Wild Horses Drag Us Away
In three minivans, we left Ulaan Baator for the countryside with Tunga and Ayush, our second guide and a seasoned traveller with CCSF groups. 1% of roads in Mongolia are paved, and most of these are in UB. It’s supposed to be a six hour drive to our first ger camp stop, but actually took seven and a half hours. By the time we arrived, we were pretty hungry and had gotten adept at peeing behind small clumps of grass (no trees on the steppes) and feigning privacy.

Each van has one guide (Tunga, Ayush or Bob), who rotate around a bit. Our drivers don’t speak English, besides a few greetings, and are eventually dubbed "the young one," "the slow one," and "the fun one." Mostly I’m assigned to the "slow" van; our driver is very careful so our ride isn’t that bumpy. Ayush told us that he has lived in Korea (he plays Korean music cassettes) and also worked as a driver bringing used cars from Germany to Mongolia. (This was no piece of cake job: driving across Russia included evading being shot along the way.) Both Tunga and Ayush generously answered all of our questions about their country — those which are part of our class projects and many that are not. Ayush studied in Russia, and once we have a lively discussion about Russian literature: Ilf & Petrov, Sholokov, Bulgakov. She also likes The Master and Margarita, and we both try to describe the plot to Terry and Melanie.

I also asked Ayush about popular music tastes. Western music is popular and there are many Mongolian rock bands, who sing songs both in English and in Mongolian. Unfortunately we don’t get any chances to hear any of this music, although I did get the name of one group she likes, Altan Urag. (Doubt I’ll find this on Amazon.com, however.)
Our first stop was Karakorum, site of the capital established by Chinggis Khan in the 12th century. Nothing is left except for three of the four stone turtles that marked the city boundaries; one of these is just outside the wall of the Buddhist monastery complex which is still in use. The architecture is part Ming Chinese, part Tibetan, and part Mongolian. One young man in ancient military dress poses with a gold hunting eagle for photos.

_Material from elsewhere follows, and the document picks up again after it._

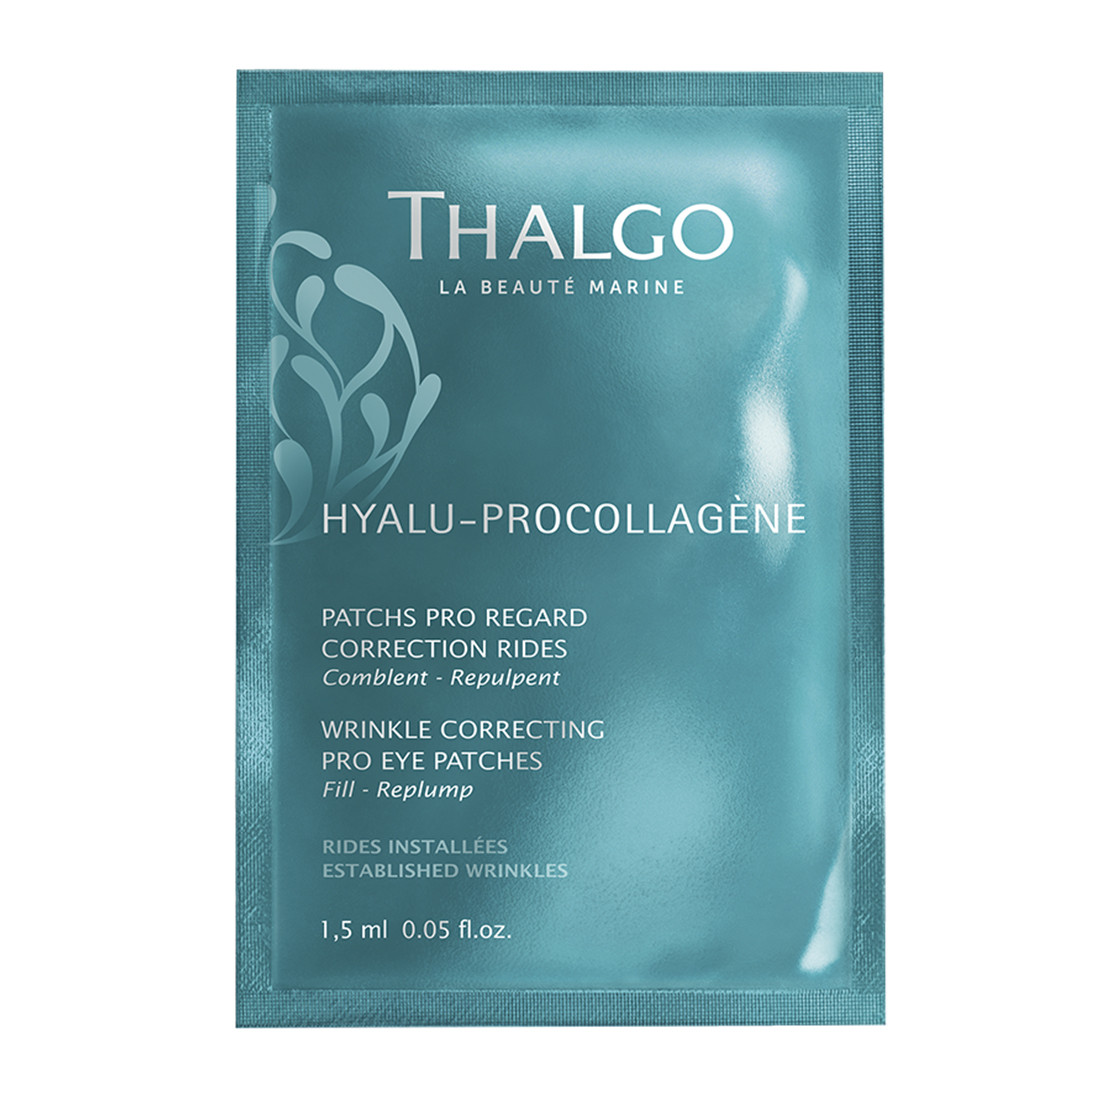 Патчи Корректор морщин Thalgo Hyalu-Procollagene Wrinkle Correcting Pro Eye Patches

Even with the old capital in ruins, wandering around the walls gives an impression of the majesty of location, and an inkling of the awe it must have produced in visitors.
No photo can adequately capture the Mongolian landscape: it is vast. The blue sky is immense, the horizon impossibly far on teh steppes, extending to hills and mountains in all directions. It’s easy to understand why the Mongolians worship the sky as a god. During our stay in gers on the steppes, there were several thunderstorms, which sweep across the plains and are quite impressive (I miss thunderstorms). The night sky is fabulous (when it’s clear). Our first evening in the ger camp outside Karakorum, Elizabeth, Tom and I stood outside for over an hour watching the stars (and the planets, satellites, shooting stars ...). I’m glad we took the time to do this, as subsequent nights were not as clear.
Home Sweet Ger
Home Sweet Ger
(photos from Amihan Makayan)
Naadam Festival

This is the huge summer festival, celebrated throughout Mongolia for three days in July. The largest Naadam is in Ulaan Baator, very crowded and using some stadium settings; our group attended a smaller and more local festival. It turned out that the Karakorum Naadam began a day early so that everyone could watch the wrestling finals on TV. So we missed the archery, but did see one of the horse races and some local wrestling. The most fun is just watching the crowds. A group of boys, 12-14 year olds, I’d guess, decided to pose for us, preening on their horses and cracking up when they view the results on our digital camera monitors. One stylish young woman sat astride, with two-inch spike heels on her boots. Many people wore the traditional "del" over a pair of jeans. Everyone was in a very good mood.
Nadaam Festival at Karakorum
After the final wrestling match (crowning a new local "elephant" who defeated the previous champion), Elizabeth and I wandered around looking for ice cream, which we did find in a small area at the edge of the festival grounds, set up with vendors and a half-dozen pool tables. Then we watched some pretty tricky manipulation of packing horses into pick-up trucks, and we returned home to our gers.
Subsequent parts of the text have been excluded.